Exercise data.
+++++

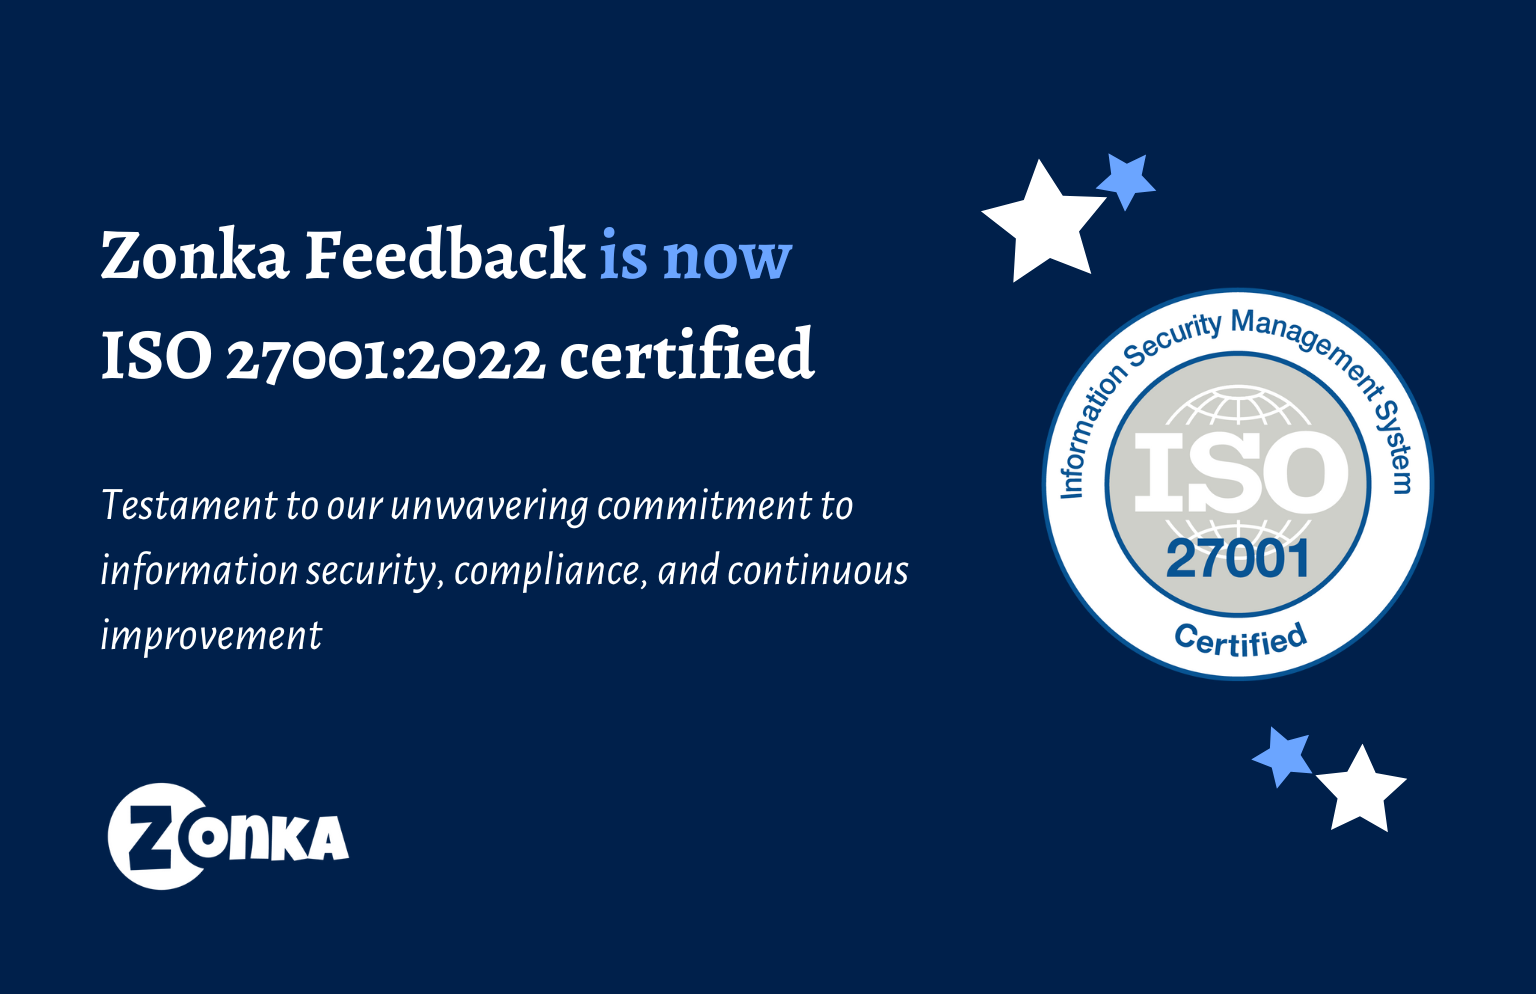 Transform Product Feedback & Customer Service with the new Zonka Feedback
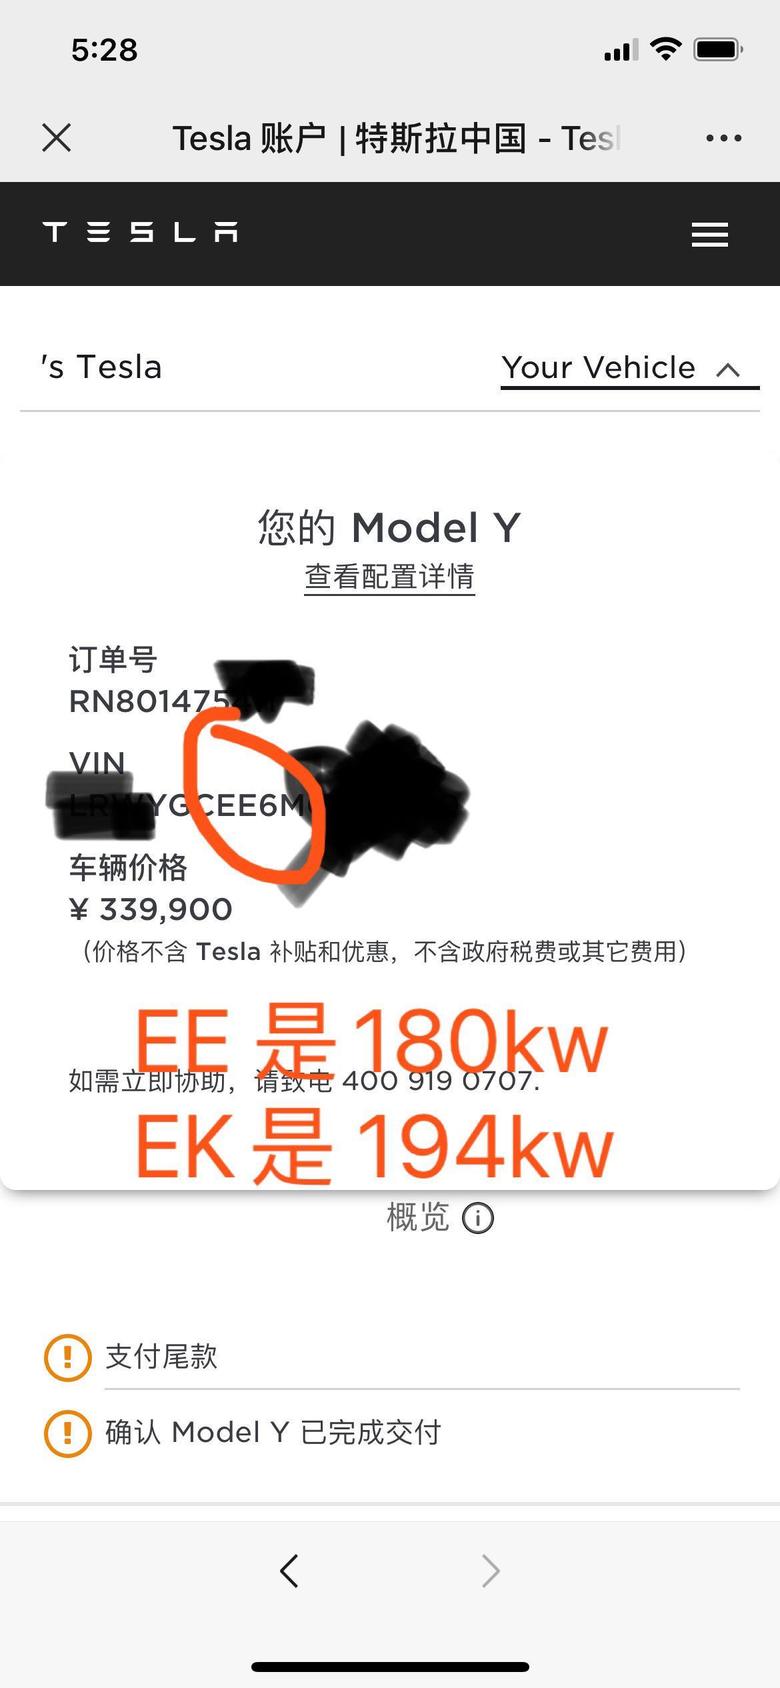 model y 匹配了，显示是A0的批次，是180kw的电机那么问题来了，到底是国产电机好还是进口电机好？
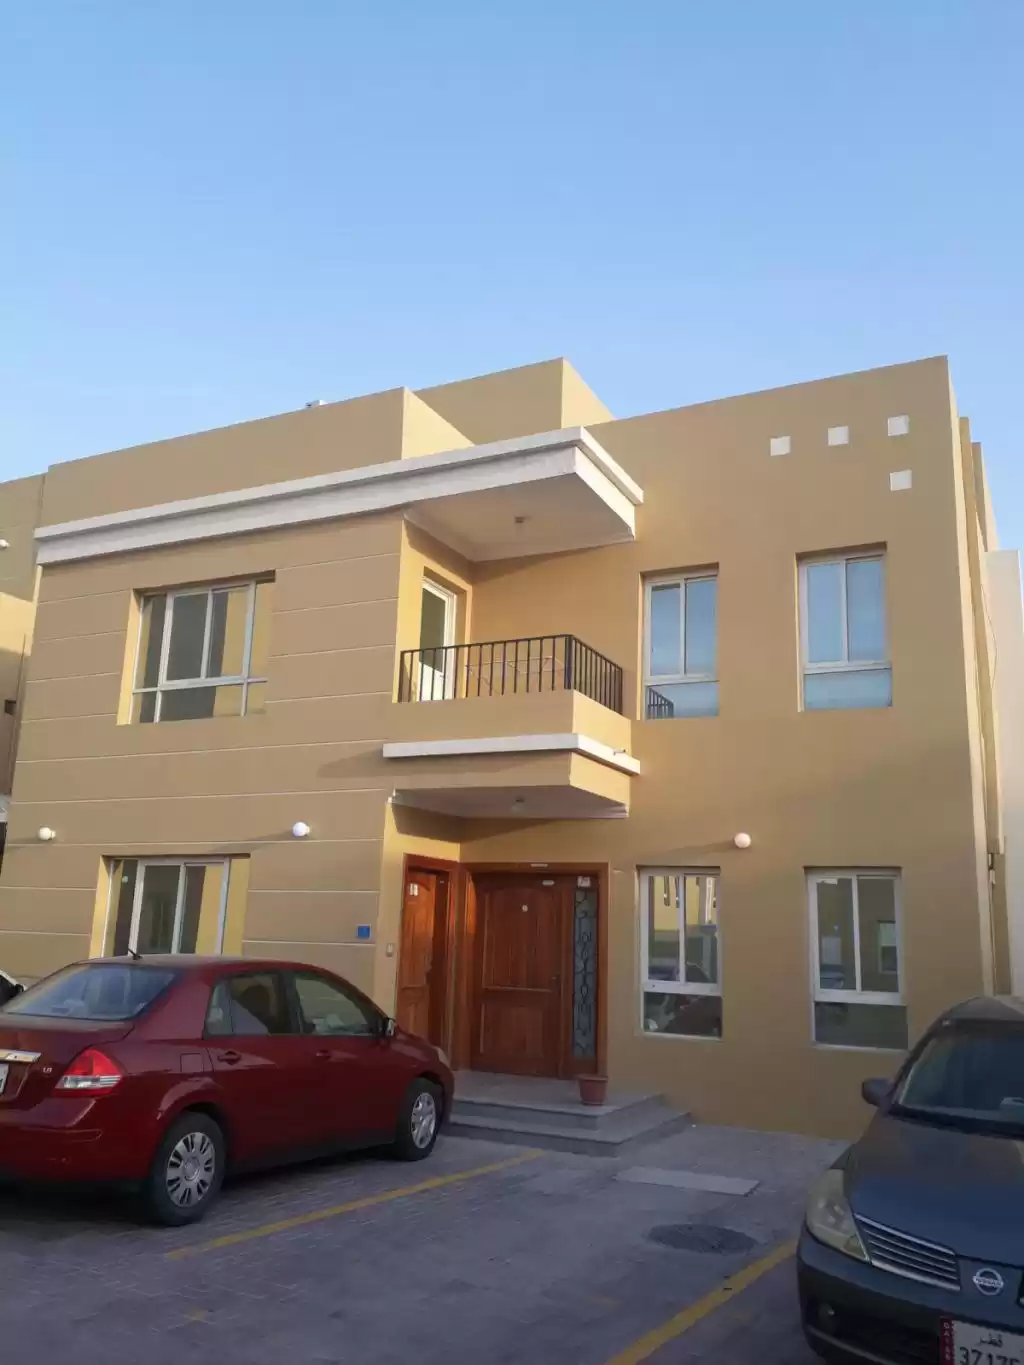 Résidentiel Propriété prête Studio U / f Appartement  a louer au Al-Sadd , Doha #17201 - 1  image

+++++

Task instructions. Pictures aside, give the data again exactly as it appears.

Output of the task.
 Transform Product Feedback & Customer Service with the new Zonka Feedback
 model y 匹配了，显示是A0的批次，是180kw的电机那么问题来了，到底是国产电机好还是进口电机好？
 Résidentiel Propriété prête Studio U / f Appartement  a louer au Al-Sadd , Doha #17201 - 1  image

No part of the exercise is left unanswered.